Provided data:
*-*-*
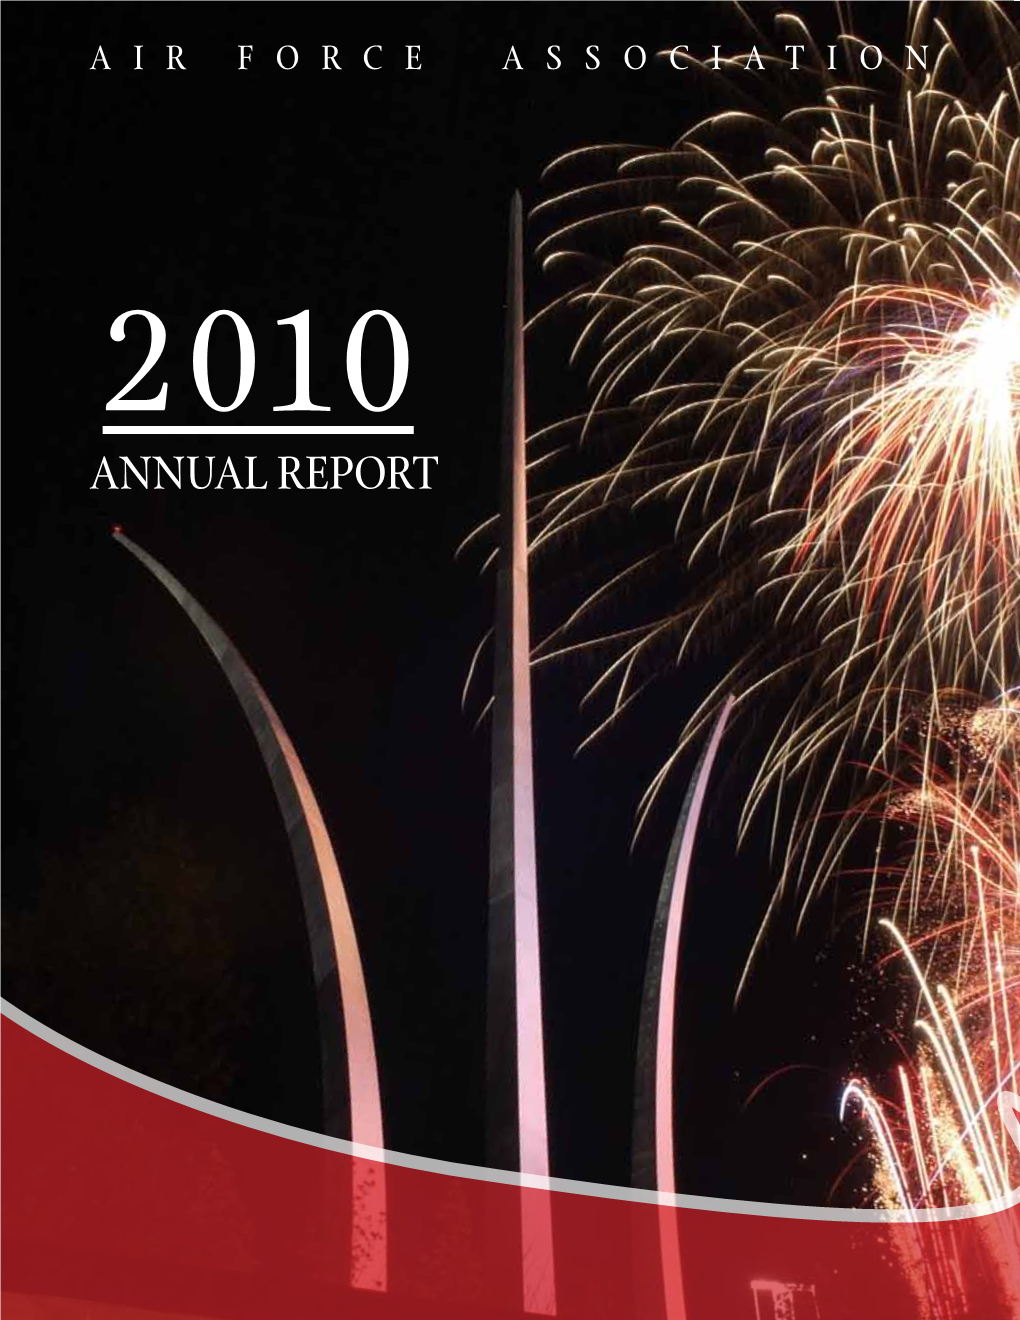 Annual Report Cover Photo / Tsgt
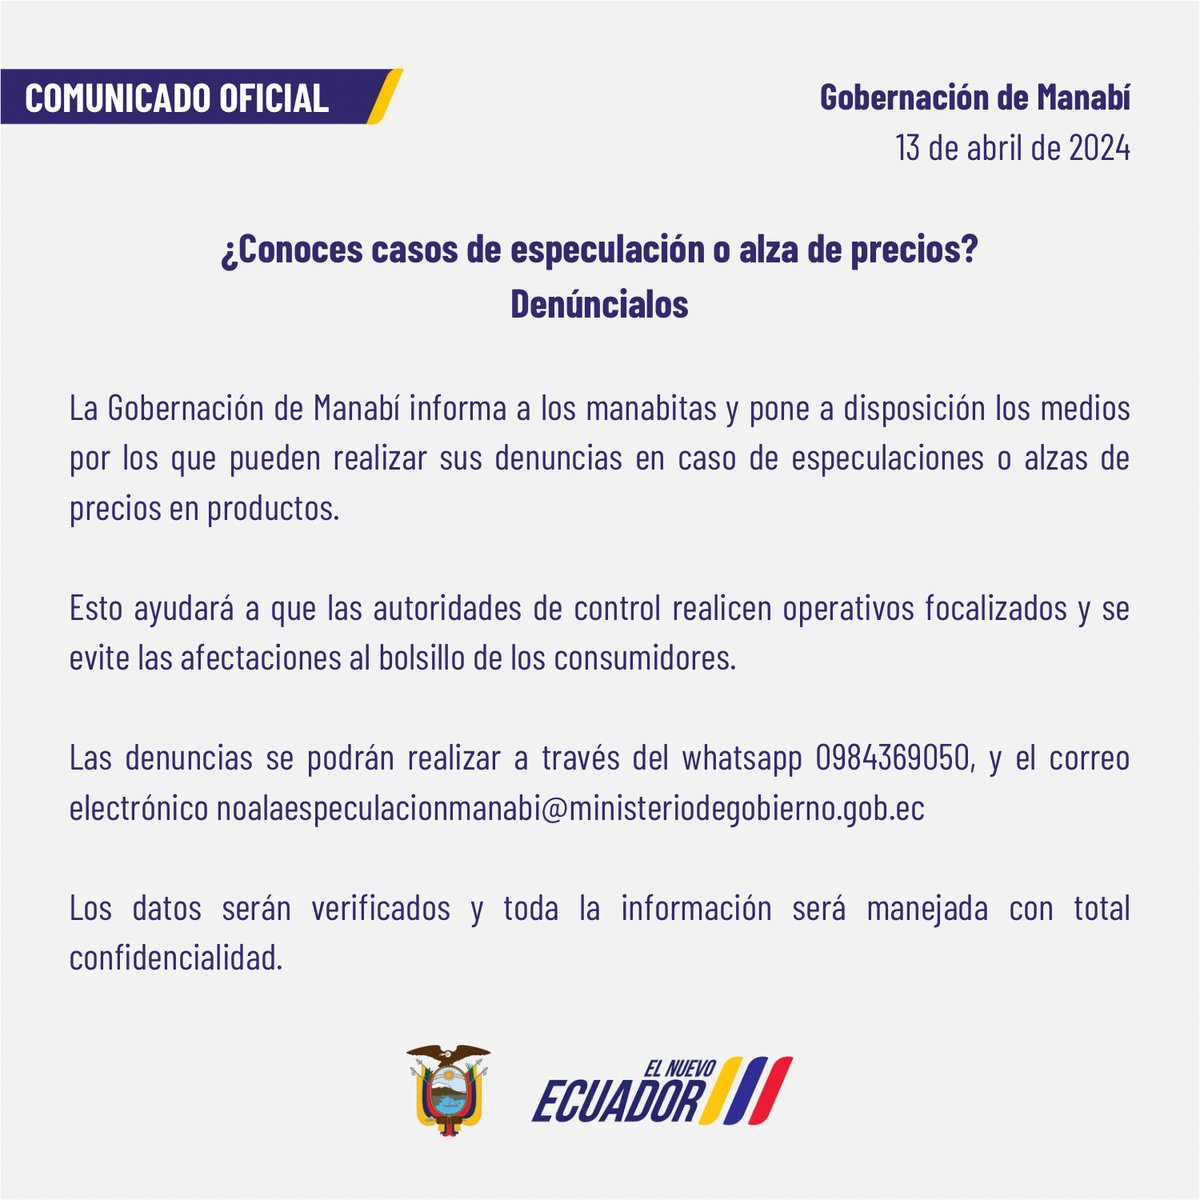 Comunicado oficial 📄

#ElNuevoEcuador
*-*-*
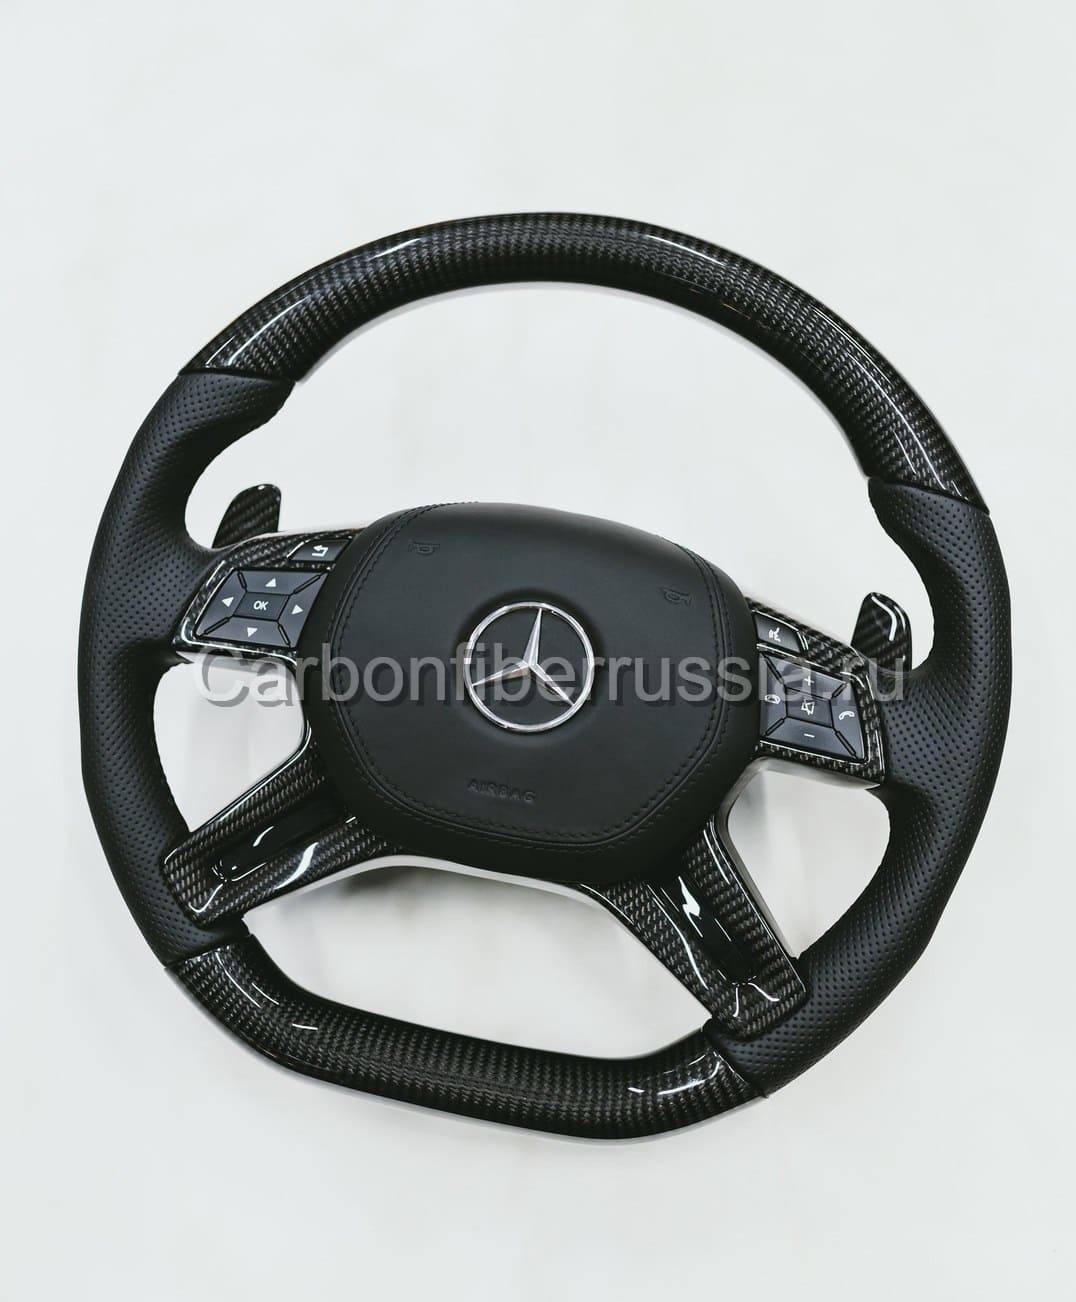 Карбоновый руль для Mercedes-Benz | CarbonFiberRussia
*-*-*
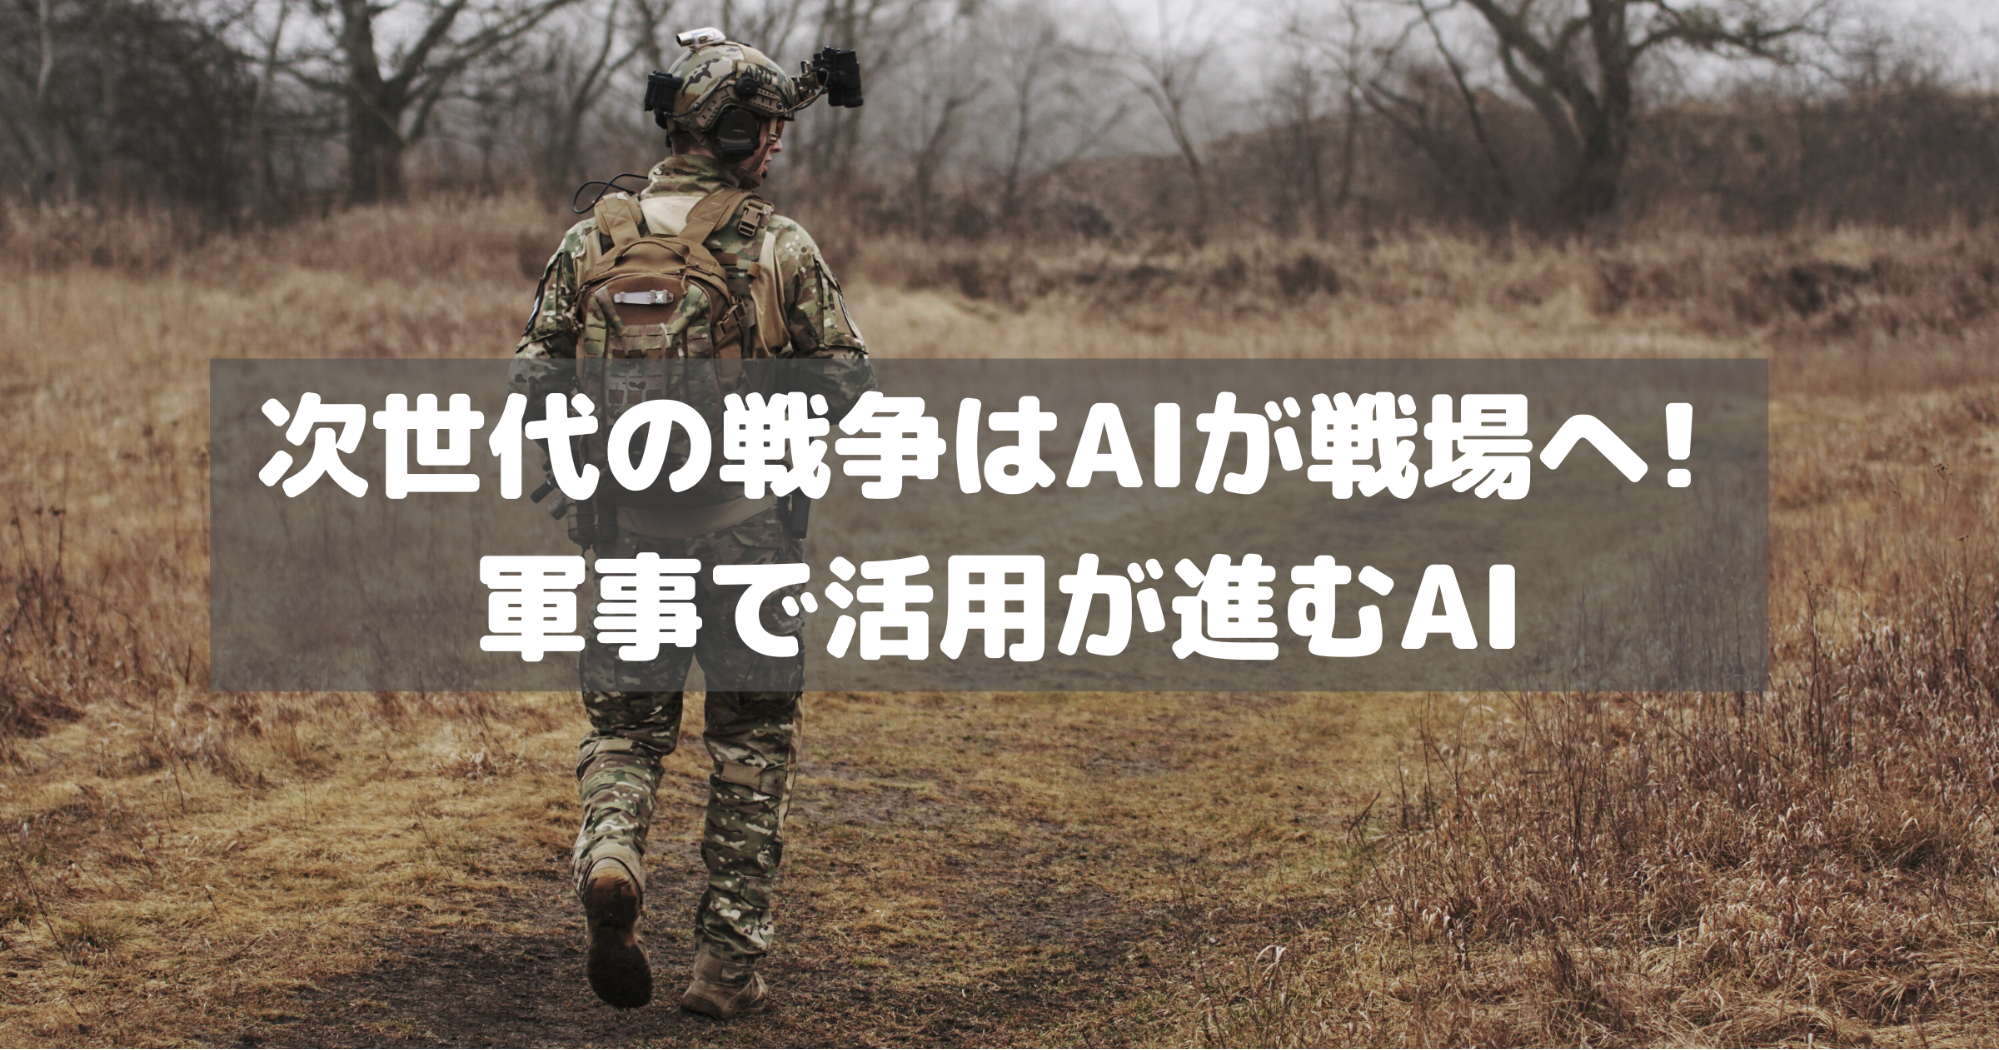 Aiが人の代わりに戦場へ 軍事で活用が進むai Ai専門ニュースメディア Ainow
*-*-*
Your instructions: In the records above, find the line with "Annual Report Cover Photo / Tsgt" and the line with "#ElNuevoEcuador", then restate word for word only those two lines and all lines between, omitting pictures.

Output:
 Annual Report Cover Photo / Tsgt
 Comunicado oficial 📄

#ElNuevoEcuador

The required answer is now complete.